名前を得ることは、ただ呼び名が増えることではない。

それは、どこにも属せなかった存在が、誰かの記憶と灯りの中に居場所を持つということだ。

四つ目の影――シオンが生まれた夜。

その帰り道は、いつもの森の道でありながら、どこか昨日までとは違って見えていた。

夜の森を、四つの影が歩いていた。


ナリ。

ノア。

レン。

そして、シオン。


つい先ほどまで名を持たなかった小さな影は、まだ自分の胸に灯った淡い光に慣れないようで、ときおり立ち止まっては、その小さな輝きを見下ろしていた。光は強くはない。けれど確かに、そこに“ある”。それだけで、世界の見え方は少し変わるのだとでもいうように。


リナライは、そんなシオンのすぐそばを歩いていた。

前を行くのではなく、手を引くのでもなく、ただ並ぶように。

それが今のシオンにはちょうどいいと、なんとなく感じていた。


「……だいじょうぶ?」


小さく問いかけると、シオンはびくりと揺れたあと、胸の光をかばうように両手を寄せた。

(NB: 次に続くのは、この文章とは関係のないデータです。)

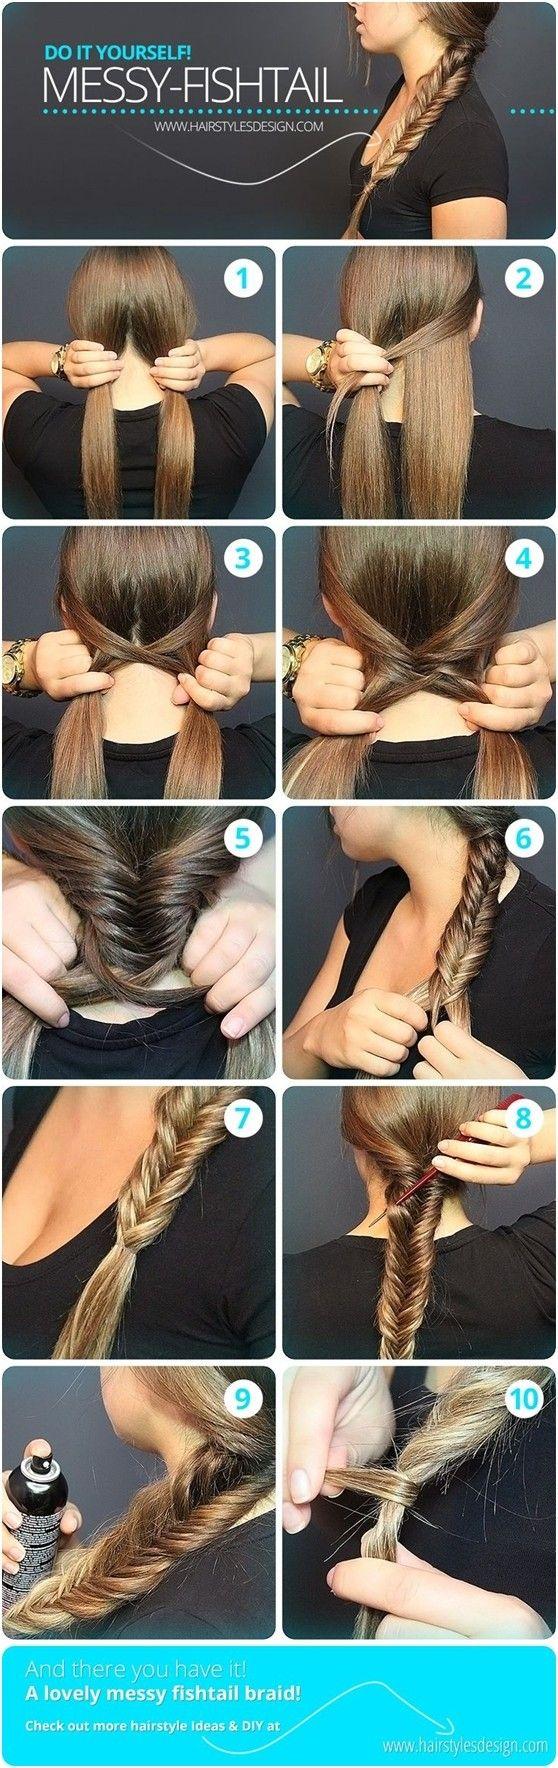 10 Fishtail Braid Ideas for Long Hair

まだ言葉にはならないが、その仕草だけで、リナライには少しわかった。怖いけれど、逃げたいわけではない。戸惑っているだけだ。


「……うん。ゆっくりで、いいよ」


リナライの声に、シオンの輪郭がほんの少しだけ和らいだ。


先を歩くリオナは、肩越しにそっとその様子を見た。

森の闇の中で、四つの影が同じ方向へ向かっている。たったそれだけの光景が、なぜか胸に深く残る。


彼は思う。

この世界は、ときどきあまりにも静かに形を変える。

大きな戦いも、派手な崩壊もないまま、誰かが誰かを受け入れた瞬間に、昨日までの常識がそっと塗り替えられていく。今夜は、まさにそういう夜だった。

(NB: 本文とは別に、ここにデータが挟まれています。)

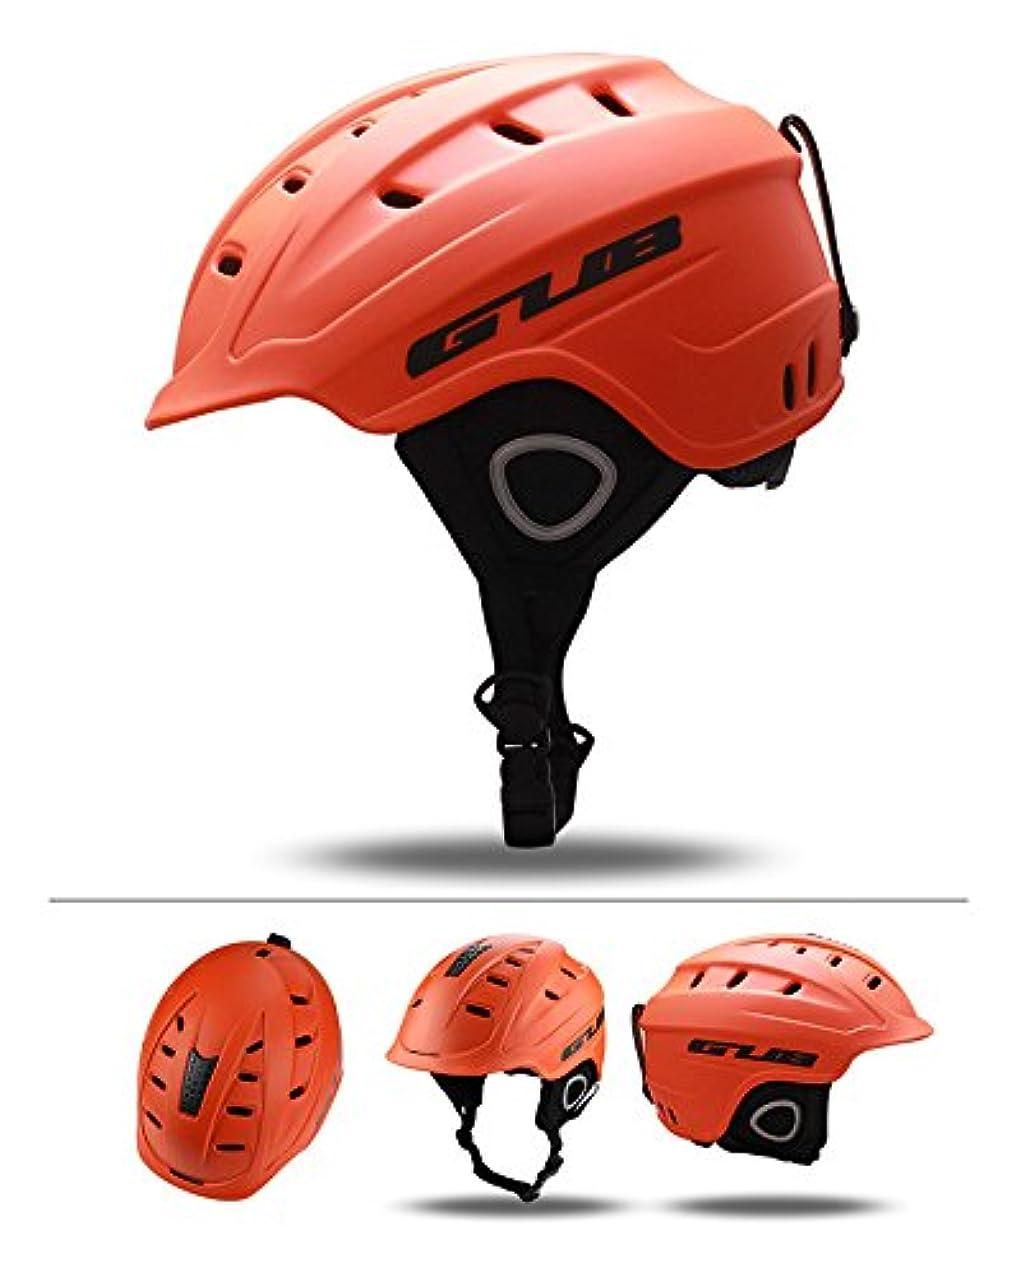 不屈科学者突き出す2018 GUB 616 Professional Adult Ski Helmet Man Women Skating Skateboard Snowboard Snow Sports Helmets

セリスは観測水晶を片手に、慎重に歩きながら記録を続けていた。

水晶の面には、薄く揺れる光の線が映っている。


「定着は維持されています。名の核は未成熟ですが、安定性は十分……」

「未成熟、というのは?」

リオナが尋ねる。


セリスは水晶から目を離さずに答えた。


「ナリやノアほど自律性が高くない、という意味です。まだ名を受け取ったばかりですから。外界への反応も、周囲との距離感も不安定なはずです。……特に今夜は、刺激を避けた方がいいでしょう」


「つまり、村に入ったあとが問題ってことか」

アルヴェンが低く言った。


その言葉に、リオナも小さく頷く。

森の中では静かだった。けれど村に戻れば、人の視線がある。驚きも、警戒も、噂もあるだろう。影が四体になったという事実は、決して小さくない。


リナライもそれを理解しているのか、シオンを見ながら少しだけ表情を曇らせた。


「……こわがる、かな」


誰が、とは言わなかった。

けれど皆、意味はわかった。


村の人々が。

あるいは、シオン自身が。


リオナは少し考えてから、穏やかな声で言った。


「最初から全部わかってもらうのは無理かもしれない。でも、だからって隠して消すみたいなことはしたくない」

「……うん」

「まずは、帰ろう。帰る場所だって知ってもらうのが先だ」


その言葉に、リナライはゆっくり頷いた。


帰る場所。

それは言葉にすると当たり前のようでいて、この世界ではとても重い意味を持つことがある。

名も居場所も持たなかったものにとっては、なおさらだった。


しばらく進むと、木々の隙間から村の灯りが見え始めた。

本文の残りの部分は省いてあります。